Who wins this one? Both companies are constantly in the news for privacy violations. If you define privacy as a lower likelihood of personal information accidentally being exposed publicly, then Google+ has the edge — entire websites are dedicated to the embarrassing personal details people accidentally make public on Facebook. If you define it to be protection of your personal data from commercial use, then both companies have a poor track record.
Ease of Use
Google also set out to keep Google+ simple and had the advantage of listening to Facebook users whine for years about complex and confusing settings. Google+ is more graphical instead of text-heavy, and it uses visual “circles” for setting up rules for sharing instead of Facebook’s lists.

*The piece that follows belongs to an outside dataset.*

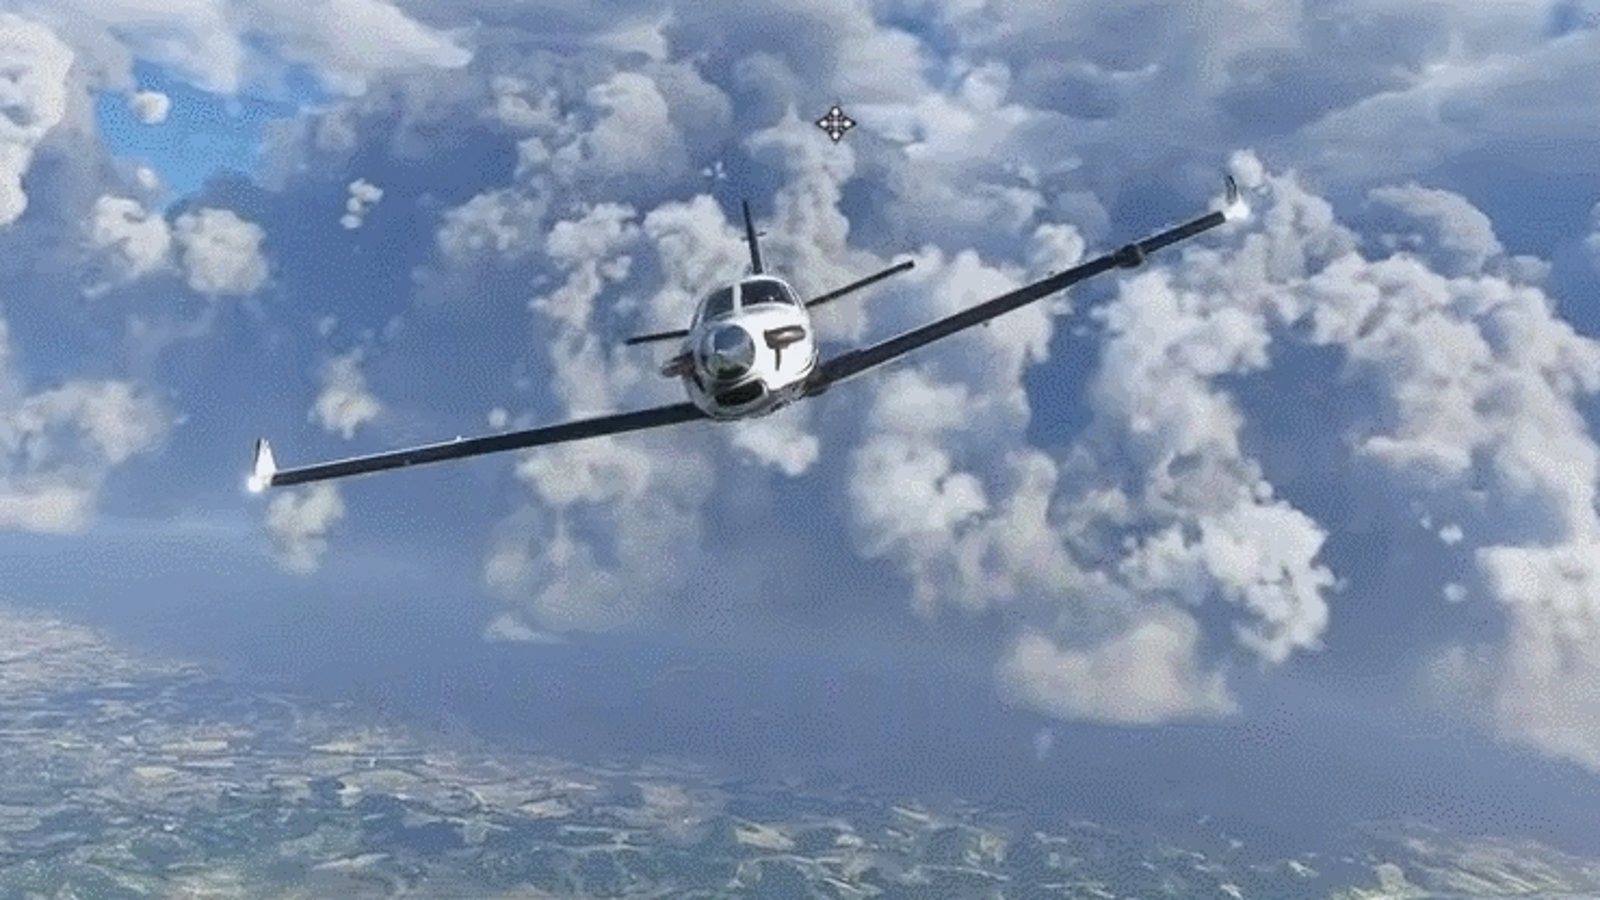 Microsoft Flight Simulator - Official Gameplay Trailer

The circle metaphor has resonated with users because it better represents how people socialize in real life (i.e., we move in different social circles). Sharing information via circles makes it easy for Google+ users to tailor what they share by audience. They can remain professional with professional contacts and loosen up with friends or family without worrying about posts or photos bombarding everyone.
Facebook’s Groups feature tries to do the same thing, but it’s less intuitive and by default, people ending up sharing everything with everyone.
Google has also done a good job of integrating features like group text and video chatting with its Hangout feature, and has the advantage of having a direct tie-in with its search engine (where Facebook users typically leave Facebook to search for items to share).
When it comes to games, Facebook is the clear-cut winner. Developers like Zynga (NASDAQ:ZNGA) have made casual games such as Mafia Wars and Farmville Facebook staples. Yes, Google+ has games, but not nearly as many. On the other hand, Google+ is integrated as part of Google’s online application suite, including Gmail and Google Docs, which gives it a productivity advantage.
There’s a chicken/egg effect here that Google needs to overcome if it wants to boost gaming. Game developers want to see active users before committing to a platform, while players want to see compelling games before spending time playing them. Google+ has users, but they don’t spend much time gaming through the service.